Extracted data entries

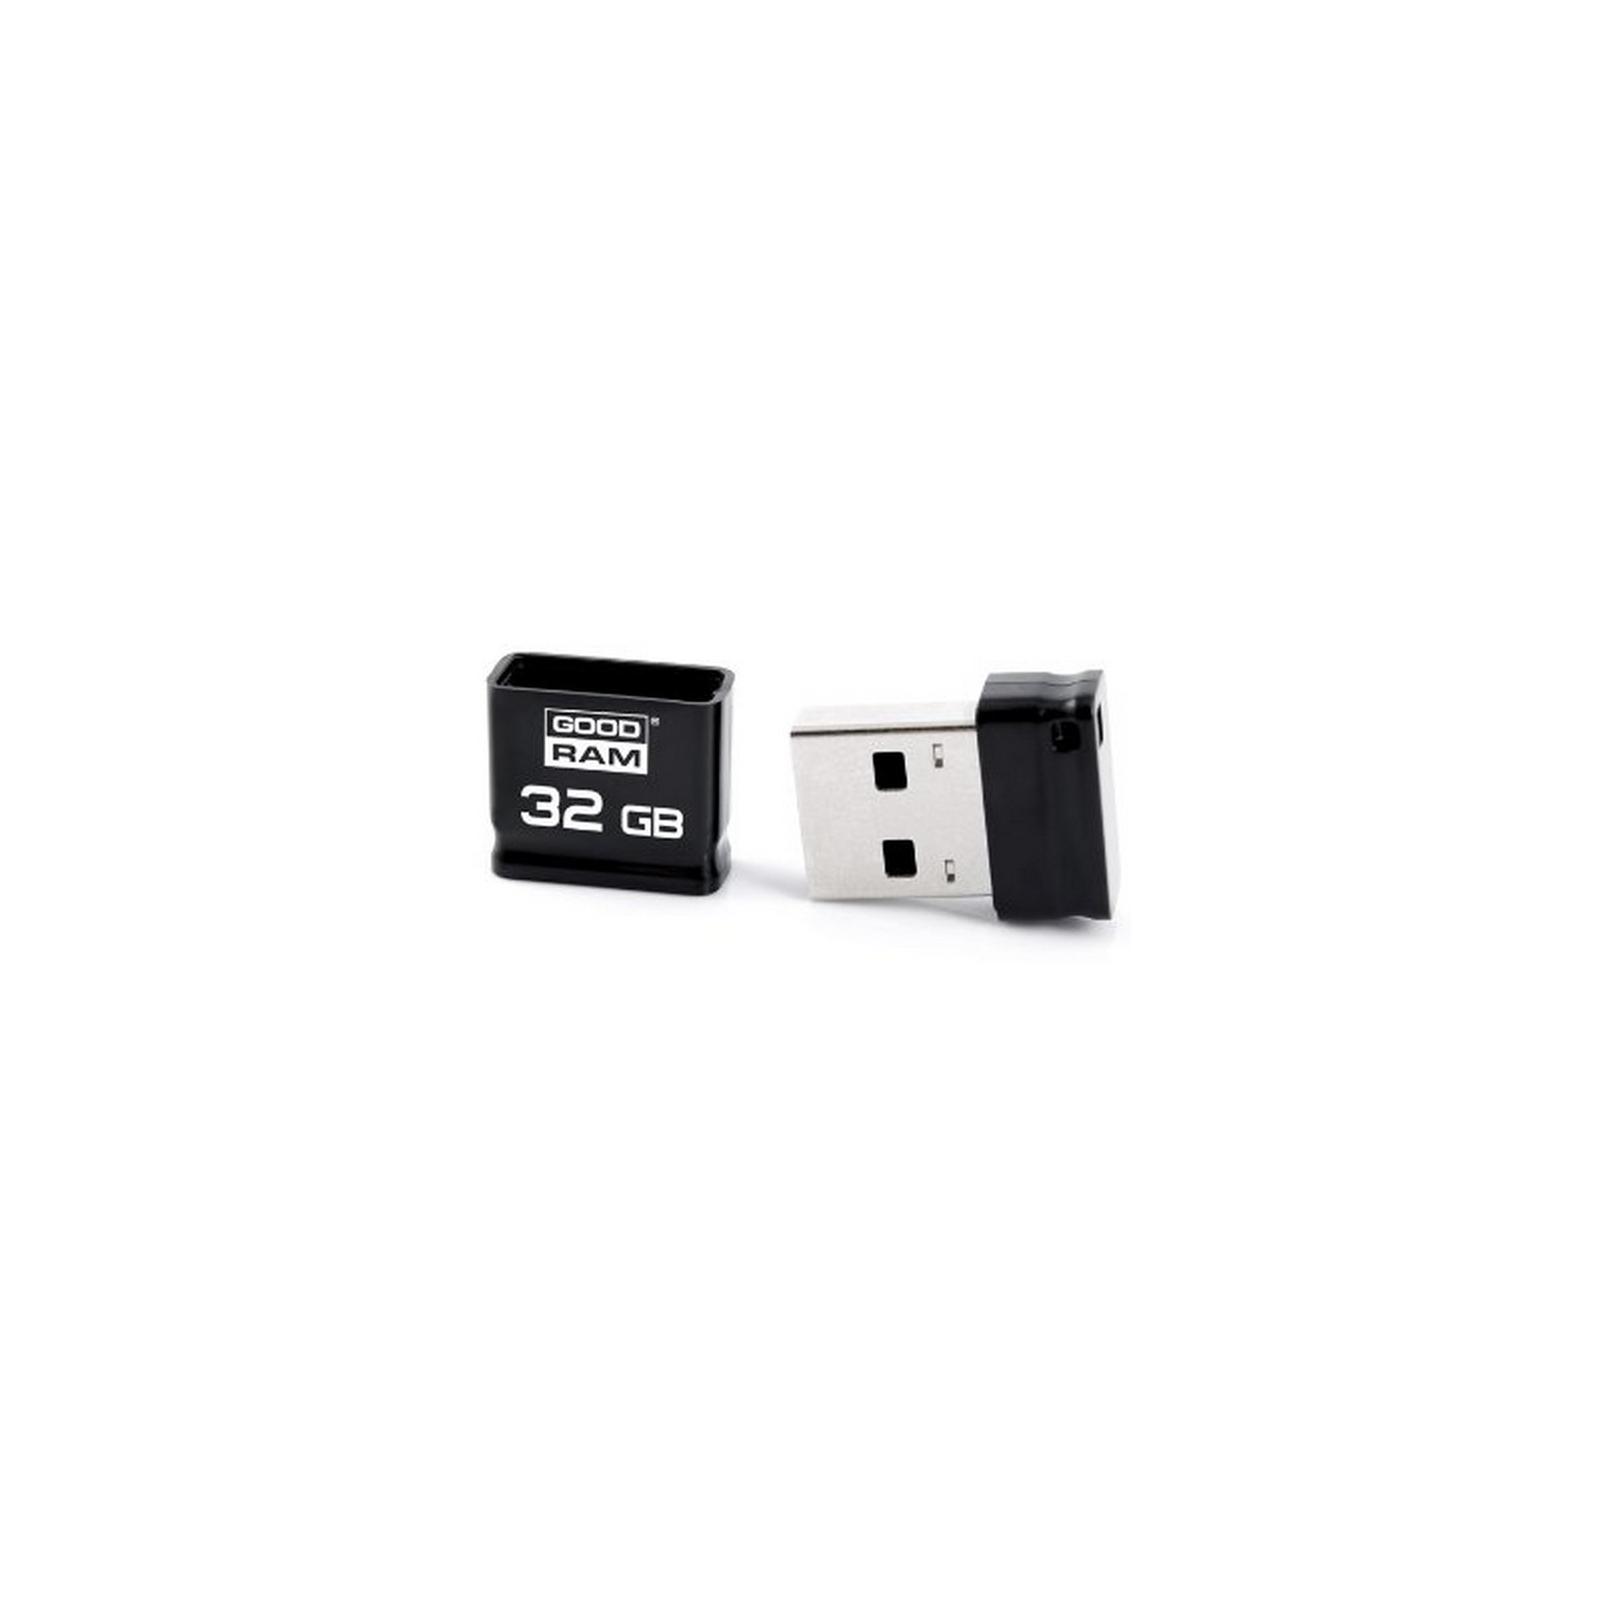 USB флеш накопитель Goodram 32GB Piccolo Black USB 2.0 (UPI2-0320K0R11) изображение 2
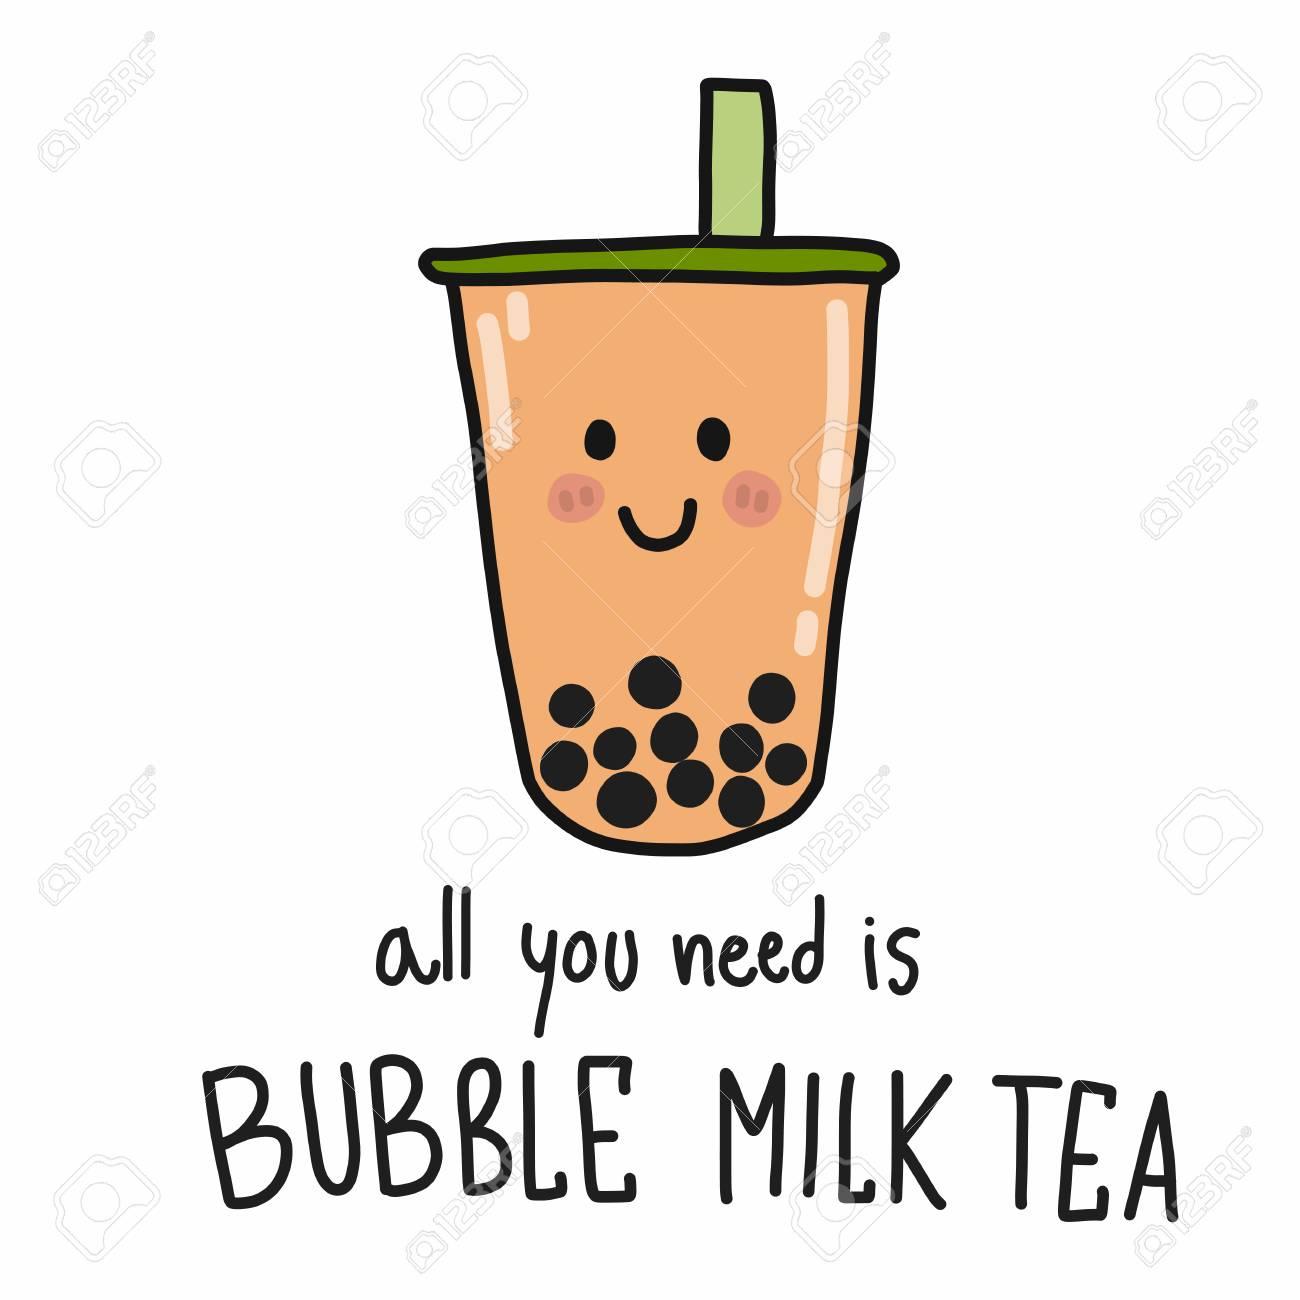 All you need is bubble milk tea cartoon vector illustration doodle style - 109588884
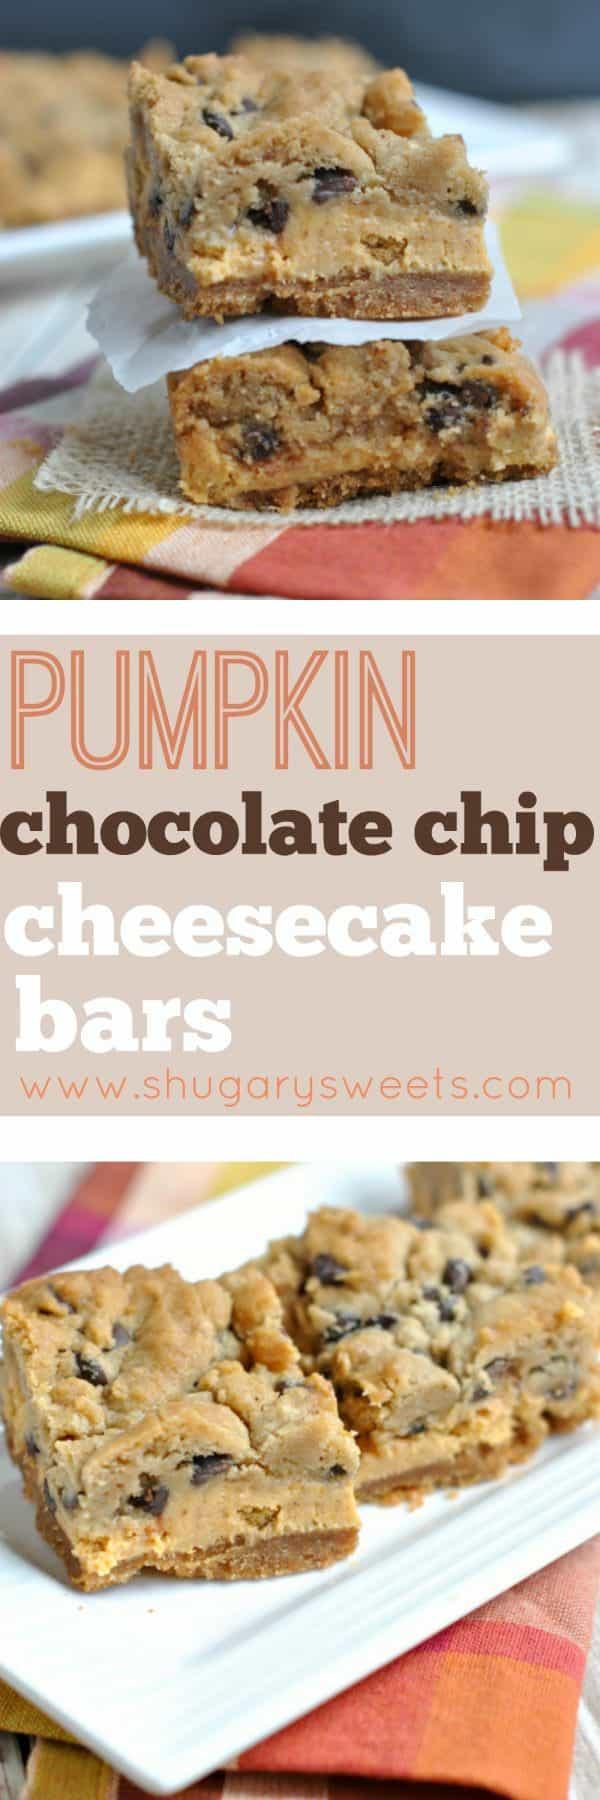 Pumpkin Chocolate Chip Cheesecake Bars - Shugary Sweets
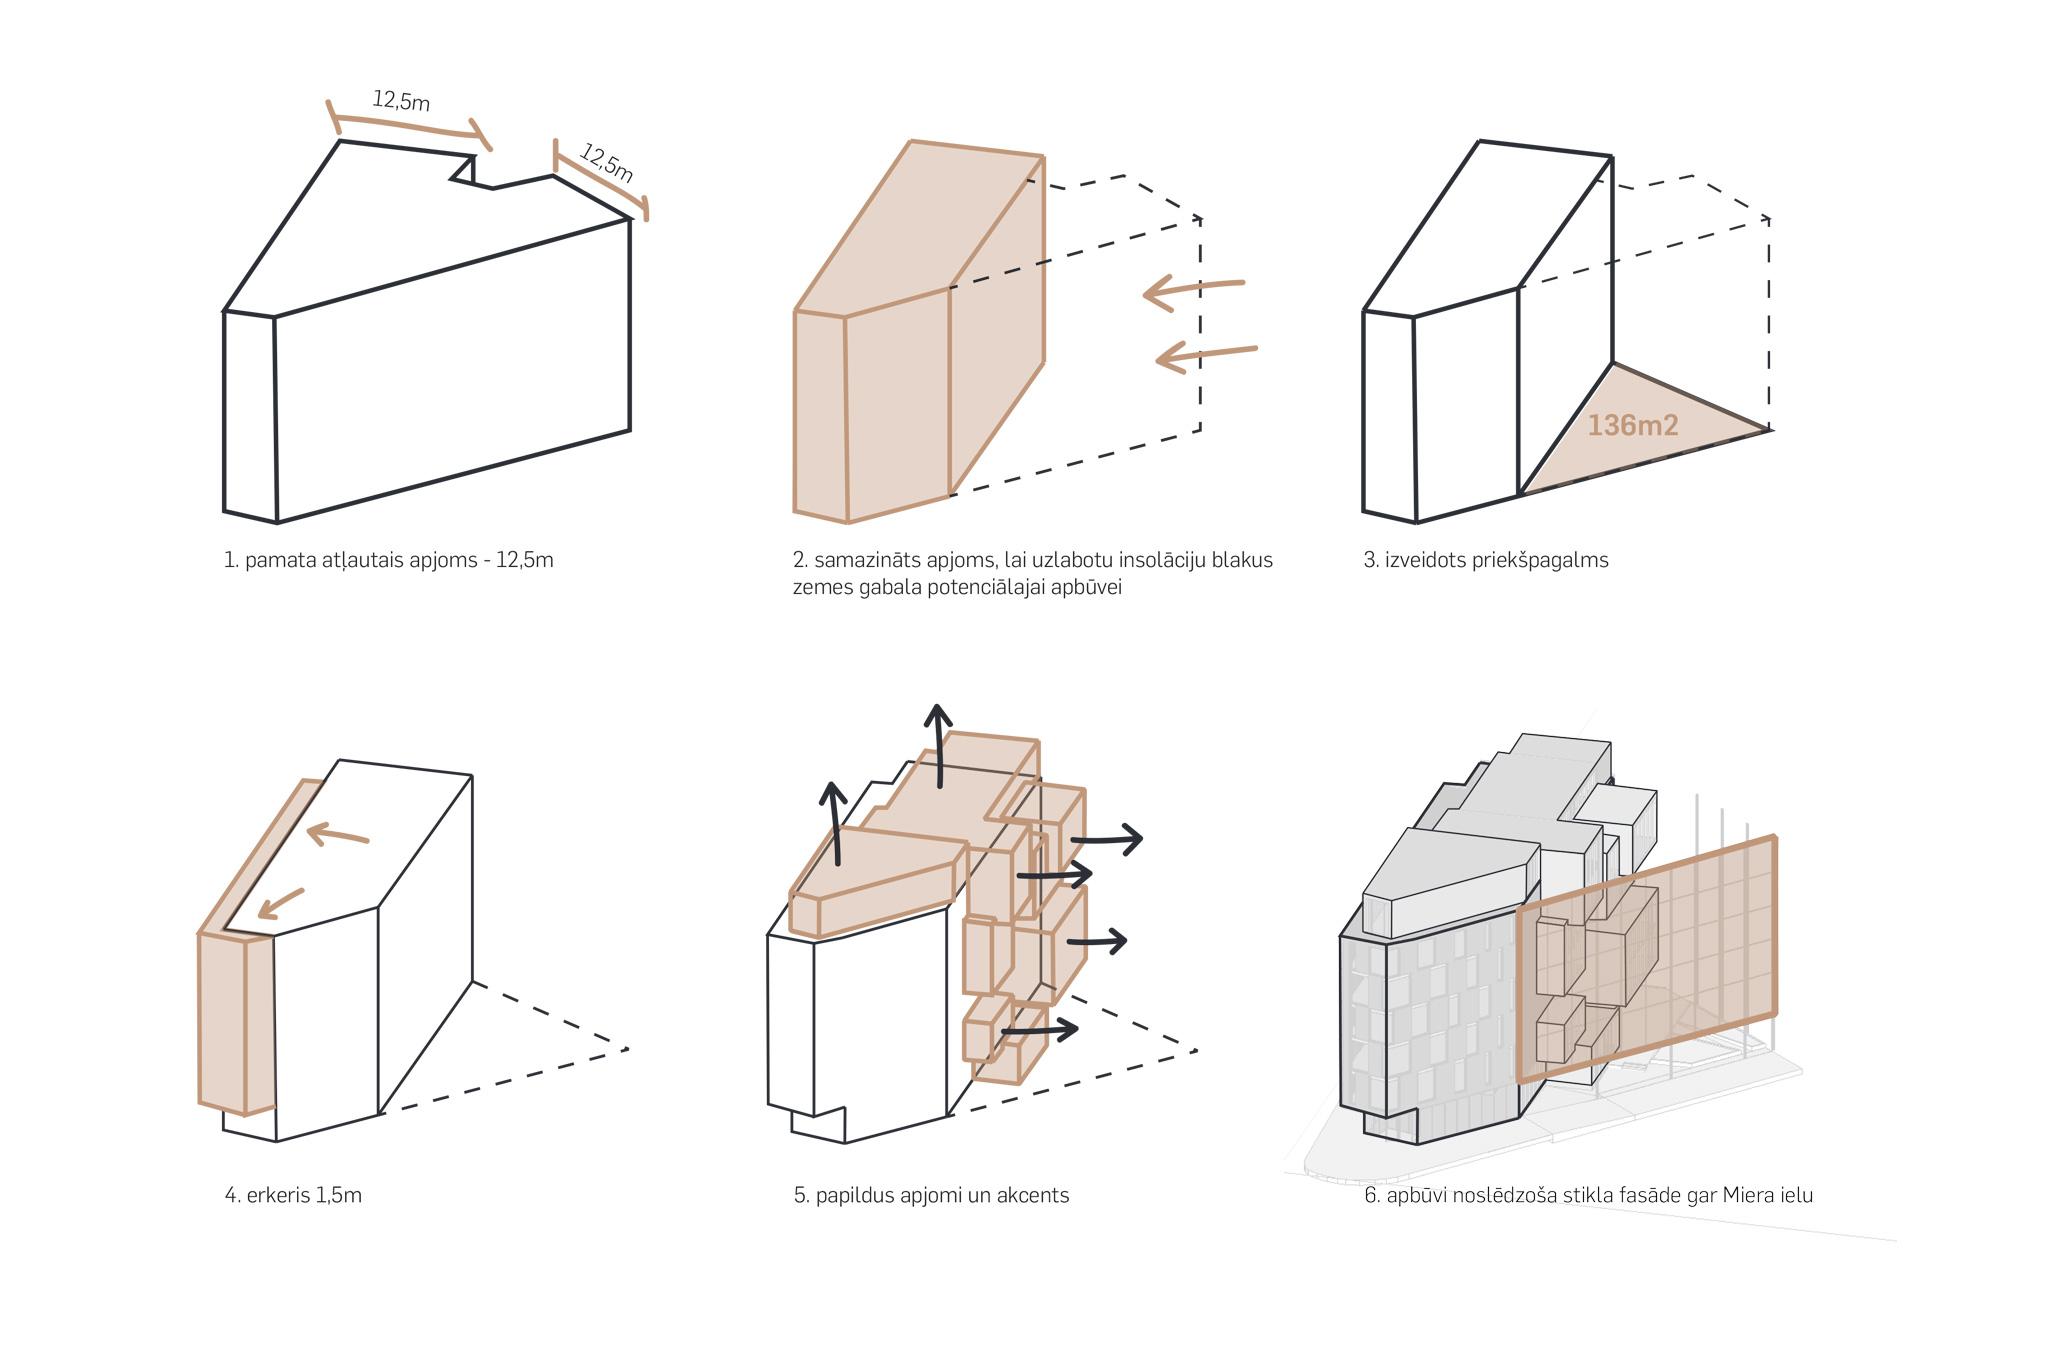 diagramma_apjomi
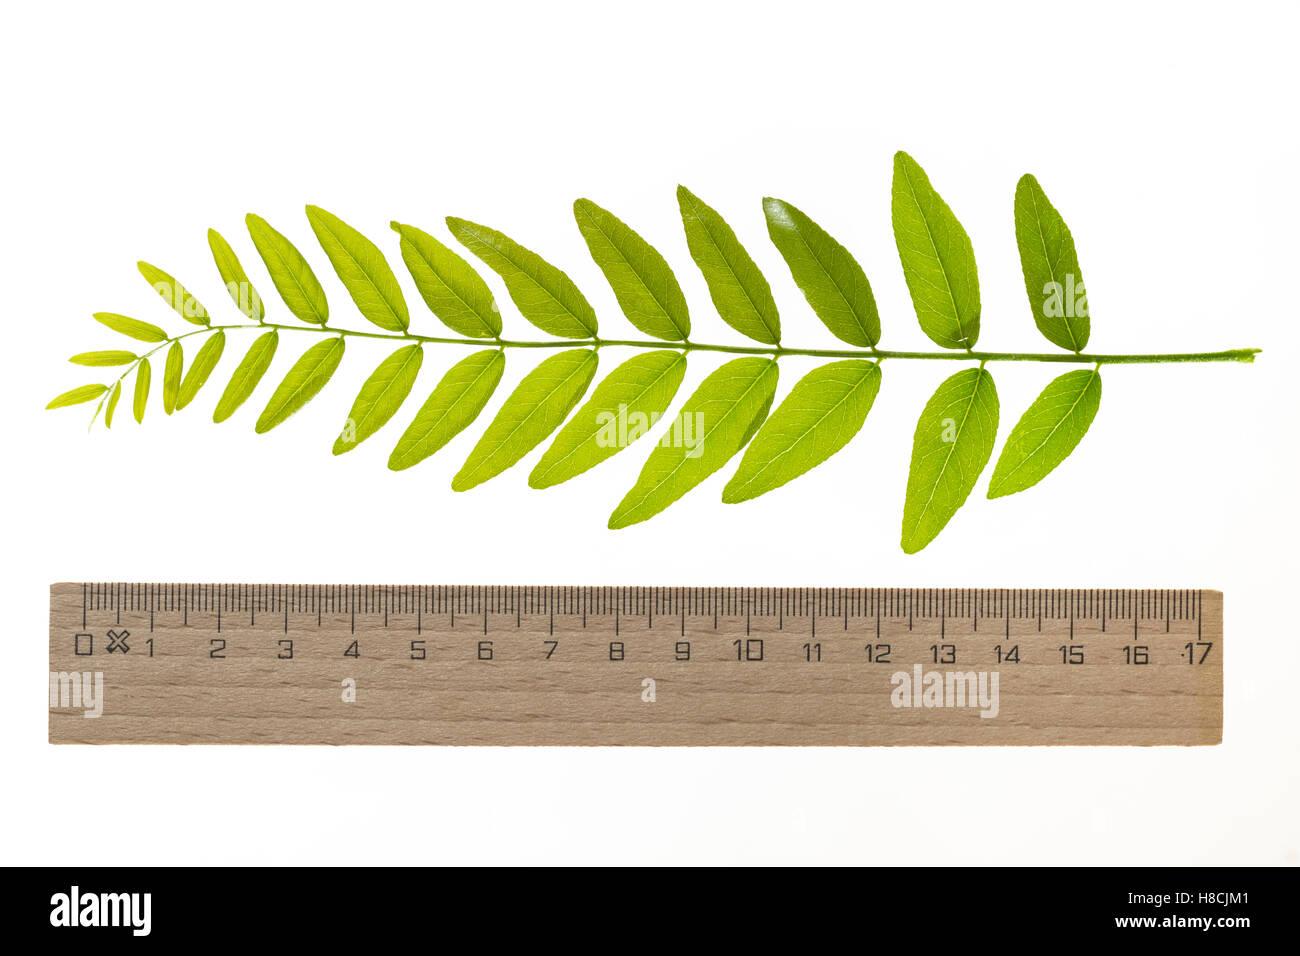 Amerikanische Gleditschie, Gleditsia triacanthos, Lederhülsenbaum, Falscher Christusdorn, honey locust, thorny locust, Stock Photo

→ **ASSIGNMENT**: Return only the lines that start at the line containing "All you need" and finish at the last line of the entries, exactly as written and without pictures.

→ **ANSWER SECTION**:
 All you need is bubble milk tea cartoon vector illustration doodle style - 109588884
 Pumpkin Chocolate Chip Cheesecake Bars - Shugary Sweets
 diagramma_apjomi
 Amerikanische Gleditschie, Gleditsia triacanthos, Lederhülsenbaum, Falscher Christusdorn, honey locust, thorny locust, Stock Photo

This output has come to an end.